◆ Data extract ◆
►
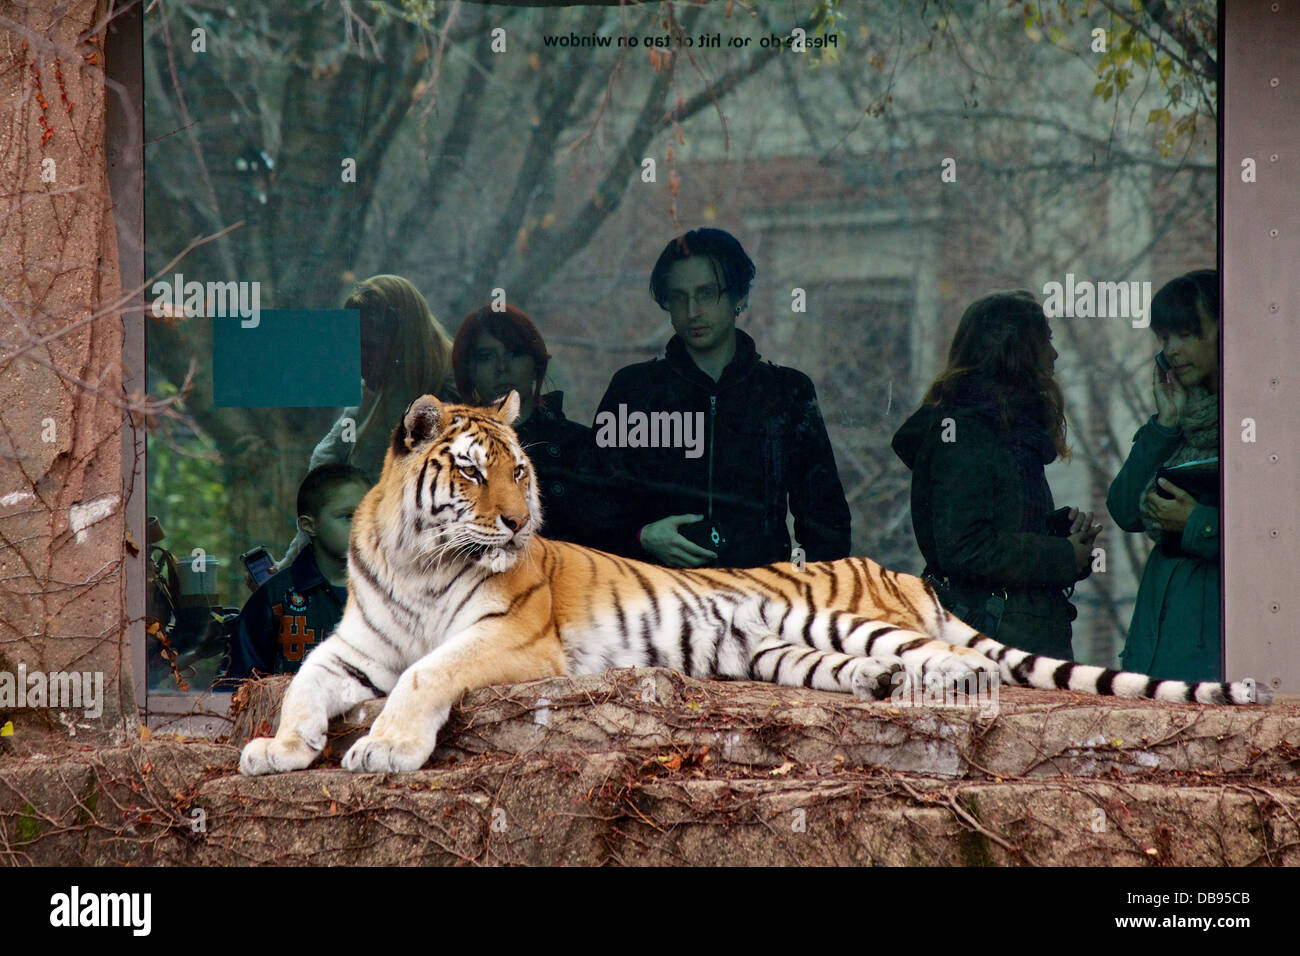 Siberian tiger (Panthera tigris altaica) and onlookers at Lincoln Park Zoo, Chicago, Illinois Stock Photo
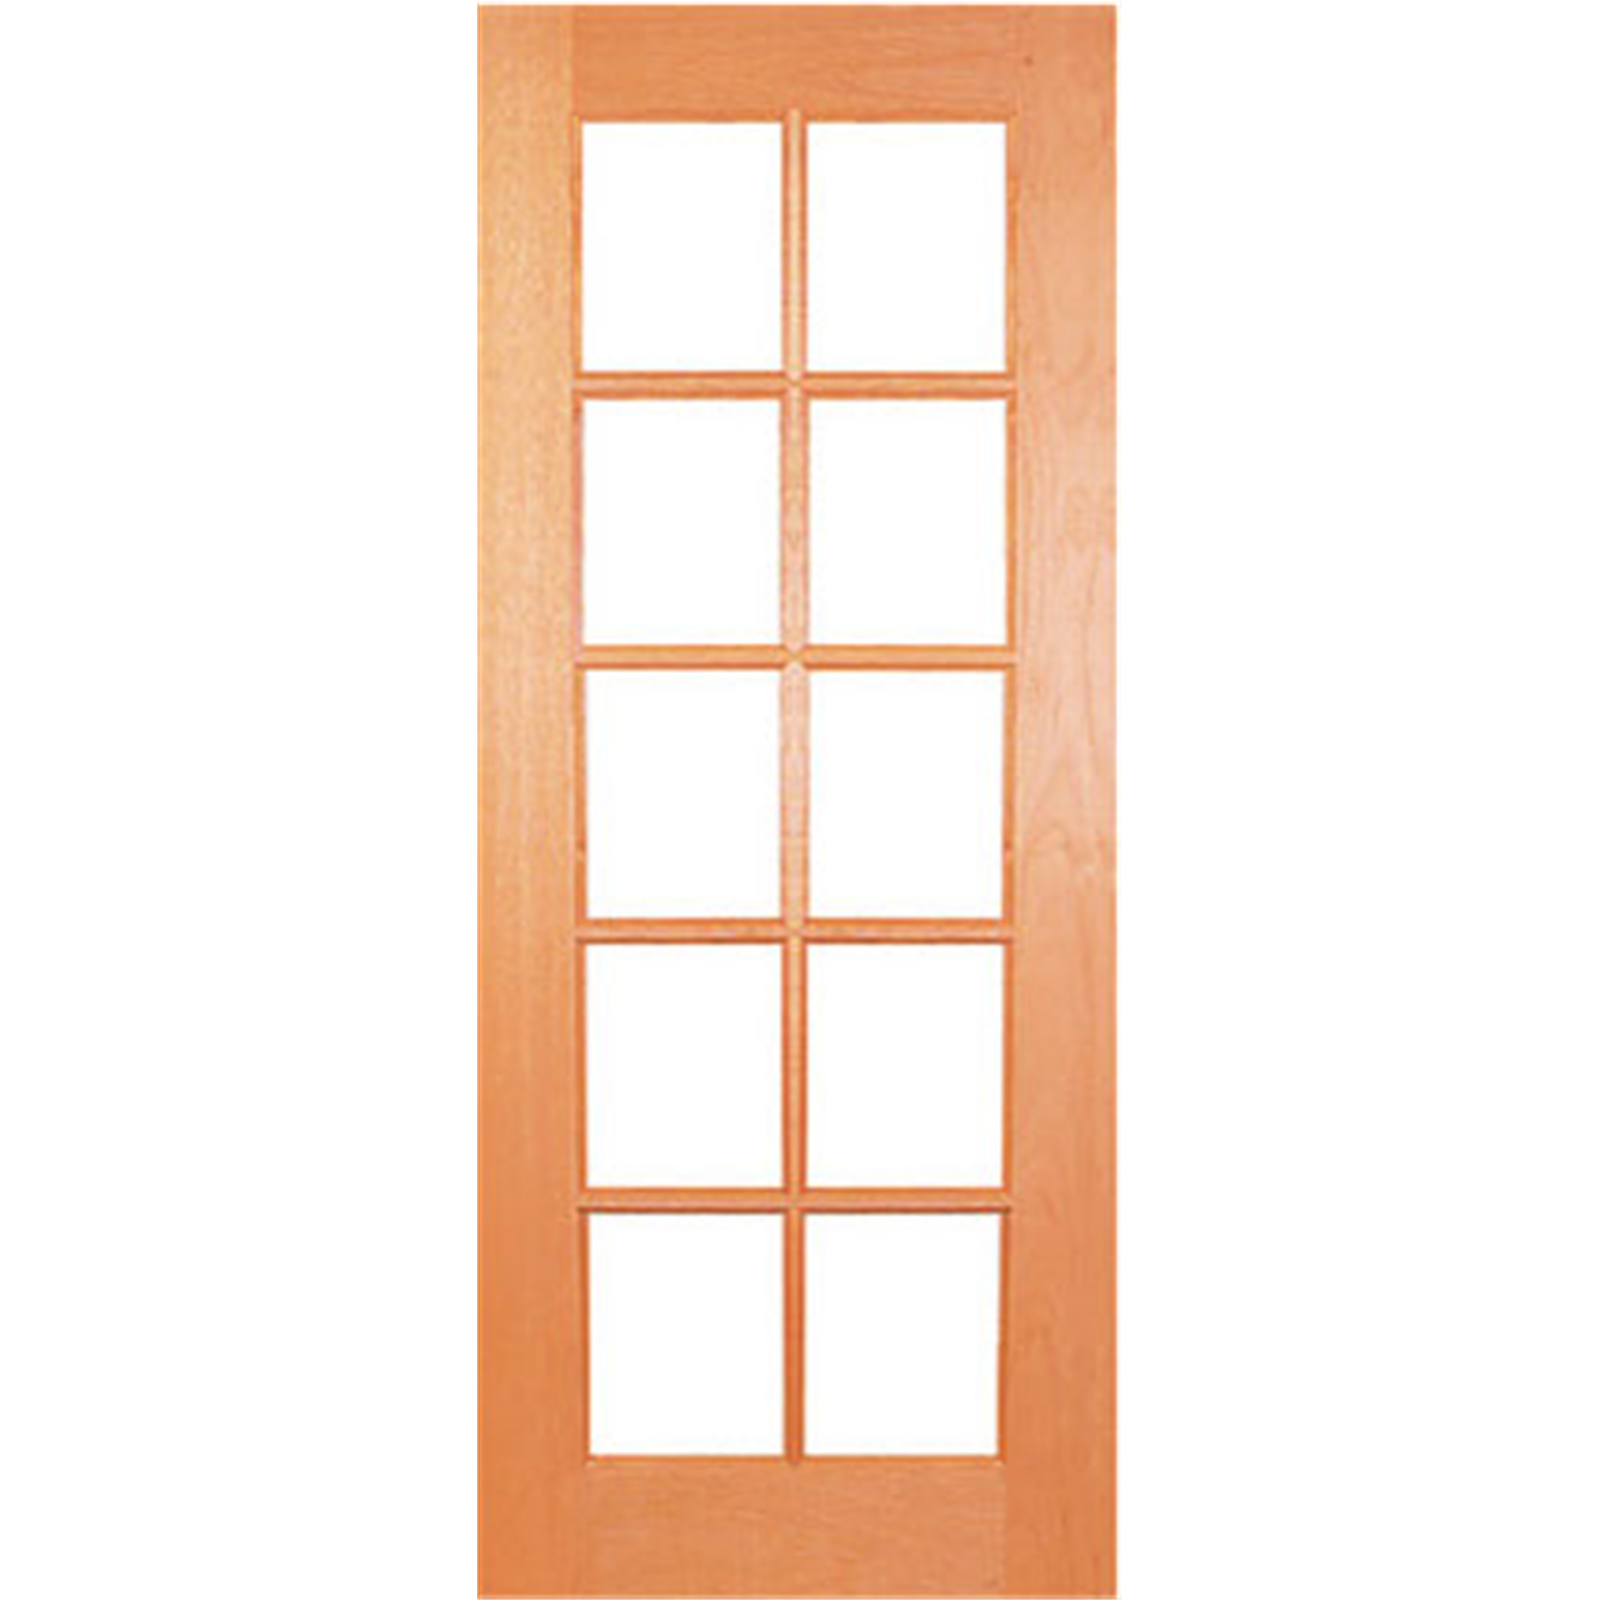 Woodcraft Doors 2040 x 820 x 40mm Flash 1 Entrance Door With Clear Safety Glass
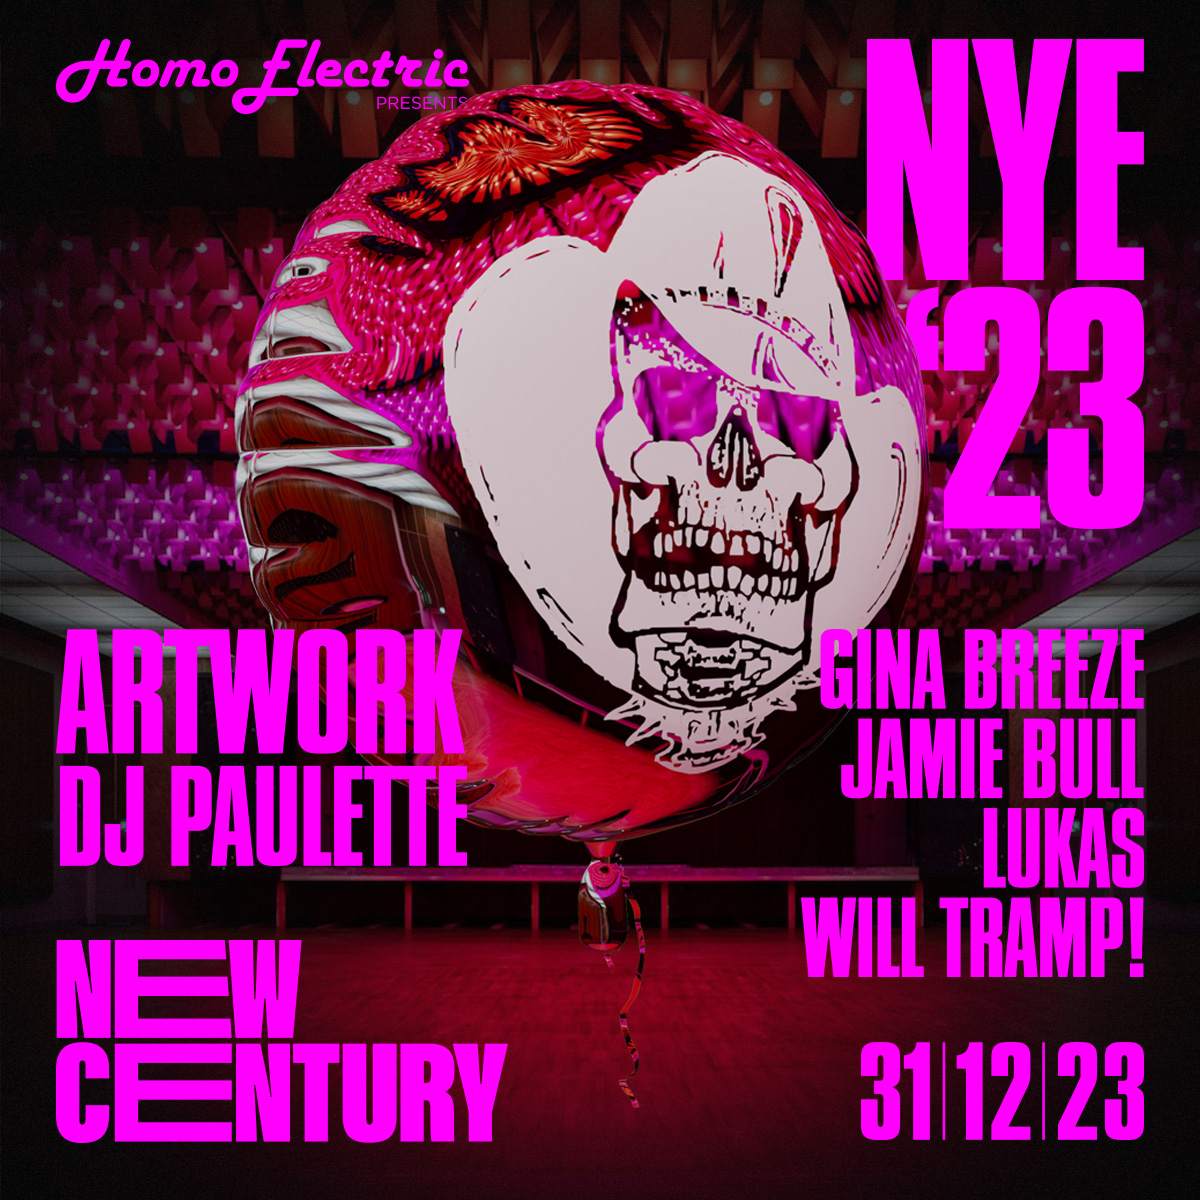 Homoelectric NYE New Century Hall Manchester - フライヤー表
◄
◆ What needs to be done ◆
All of the material above must be retyped exactly, line for line, with the images dropped.

◆ Answer for this exercise ◆
 Siberian tiger (Panthera tigris altaica) and onlookers at Lincoln Park Zoo, Chicago, Illinois Stock Photo
 Woodcraft Doors 2040 x 820 x 40mm Flash 1 Entrance Door With Clear Safety Glass
 Homoelectric NYE New Century Hall Manchester - フライヤー表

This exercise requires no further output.